:: Stored data ::
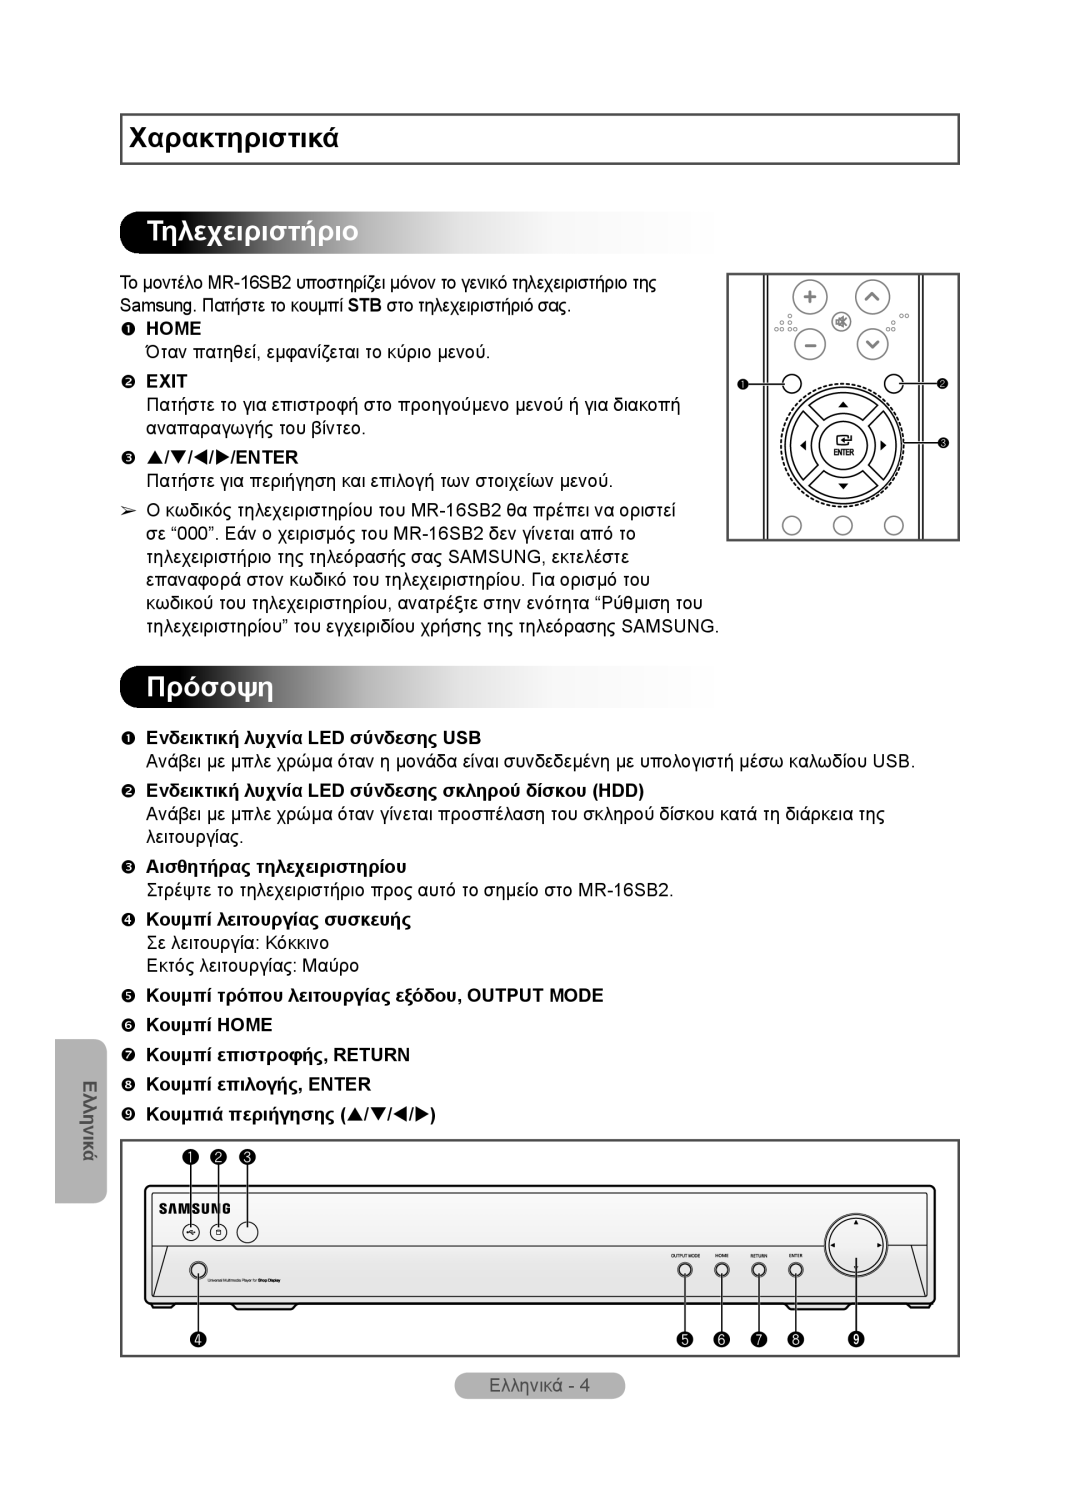 Samsung MR-16SB2 Τηλεχειριστήριο, Πρόσοψη,  / / / /Enter,  Ενδεικτική λυχνία LED σύνδεσης USB,  Κουμπί HOME,  Home 
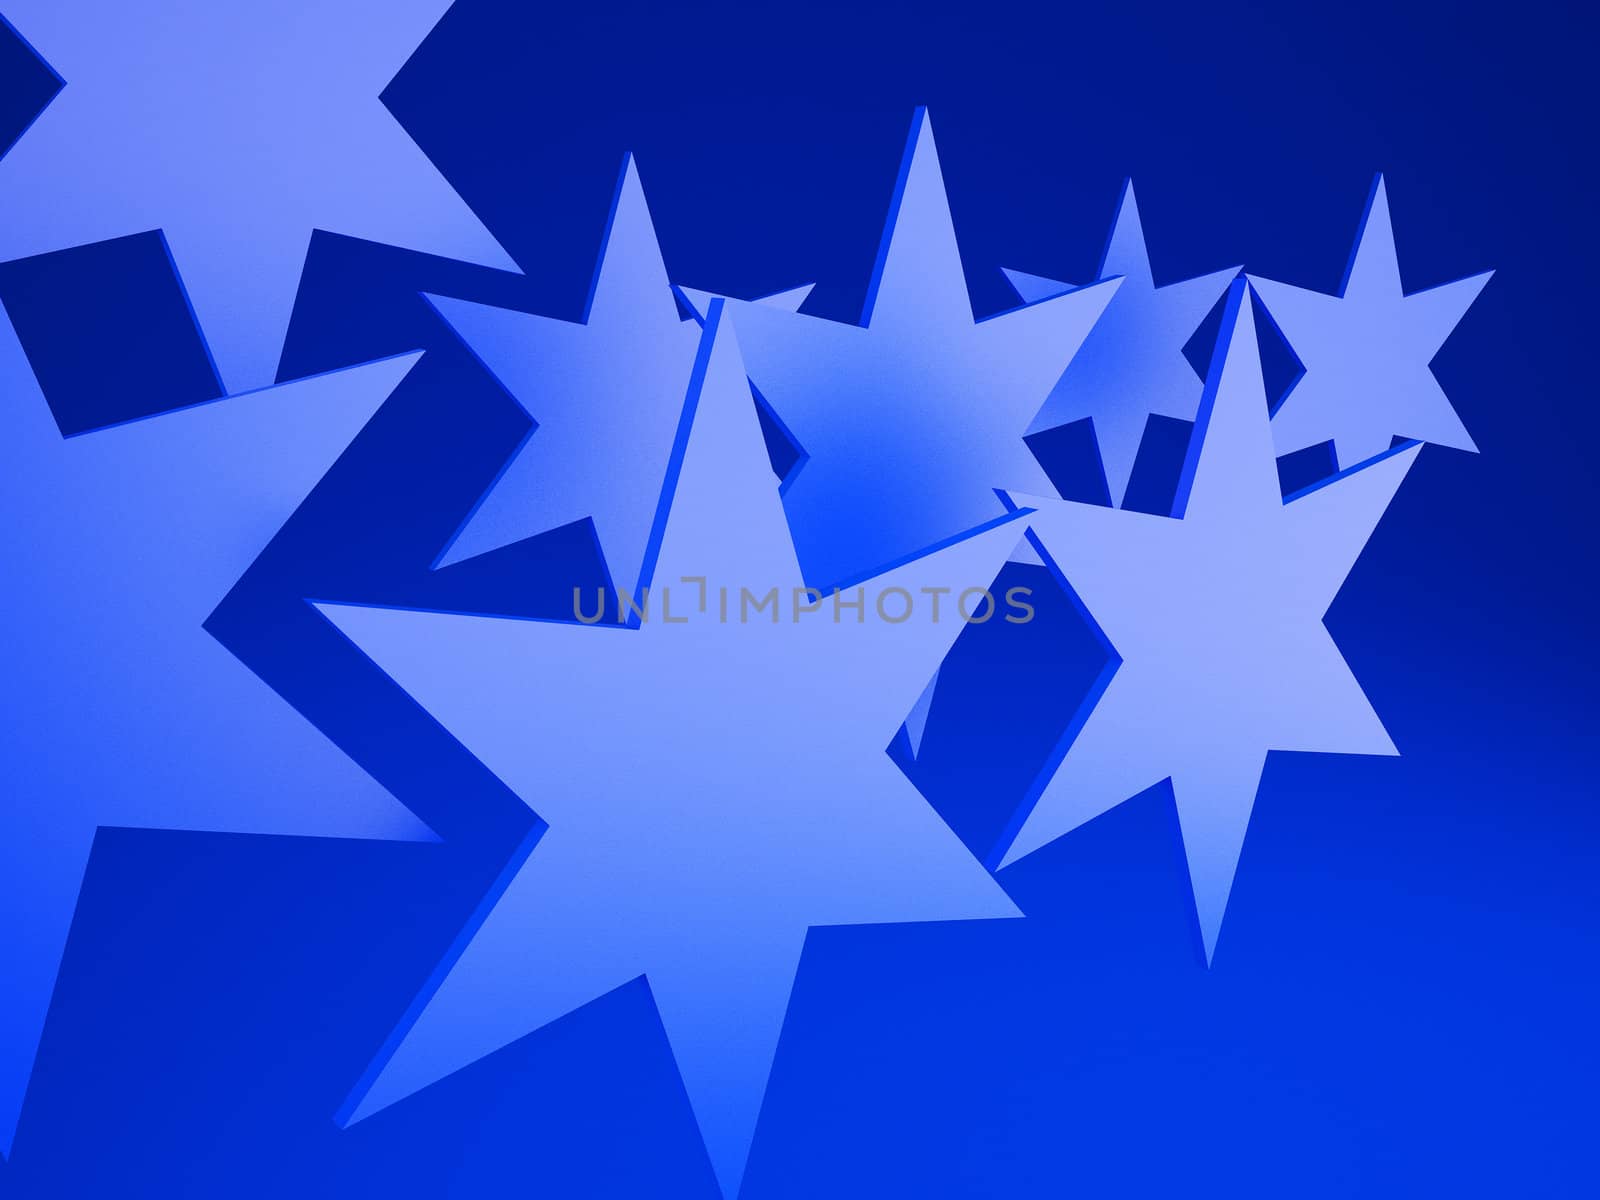 Stars on a blue background. High resolution image. 3d rendered illustration.
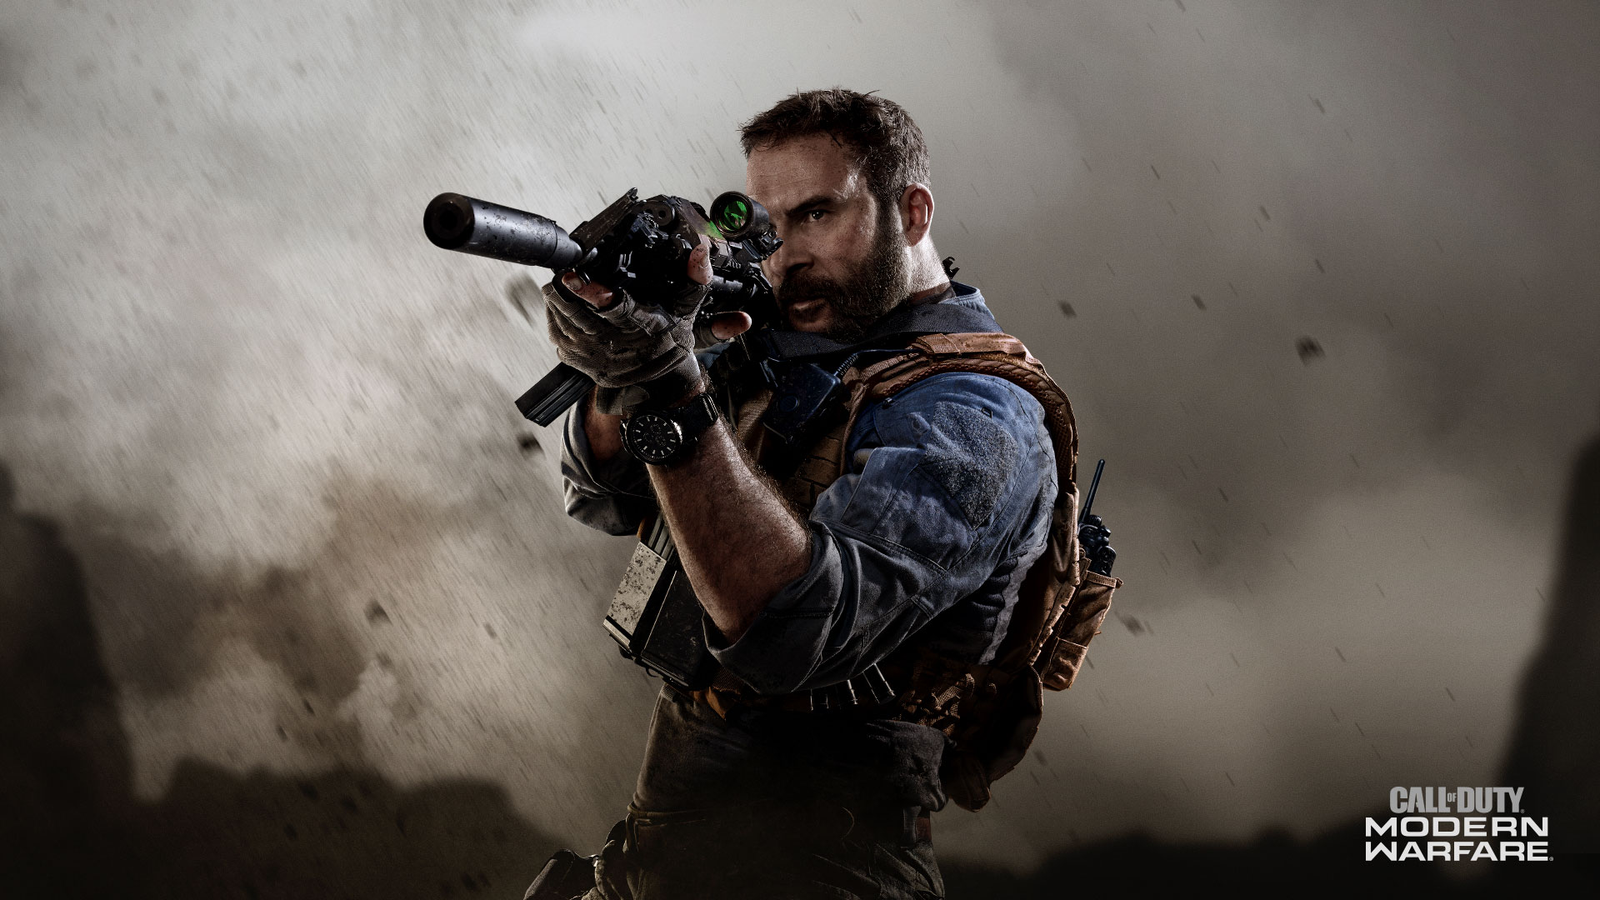 Call of Duty's new operator looks like a popular Rainbow Six Siege

:: Exercise brief ::
Exclude the images, then output the data above word for word.

:: Exercise response ::
 Samsung MR-16SB2 Τηλεχειριστήριο, Πρόσοψη,  / / / /Enter,  Ενδεικτική λυχνία LED σύνδεσης USB,  Κουμπί HOME,  Home 
 Stars on a blue background. High resolution image. 3d rendered illustration.
 Call of Duty's new operator looks like a popular Rainbow Six Siege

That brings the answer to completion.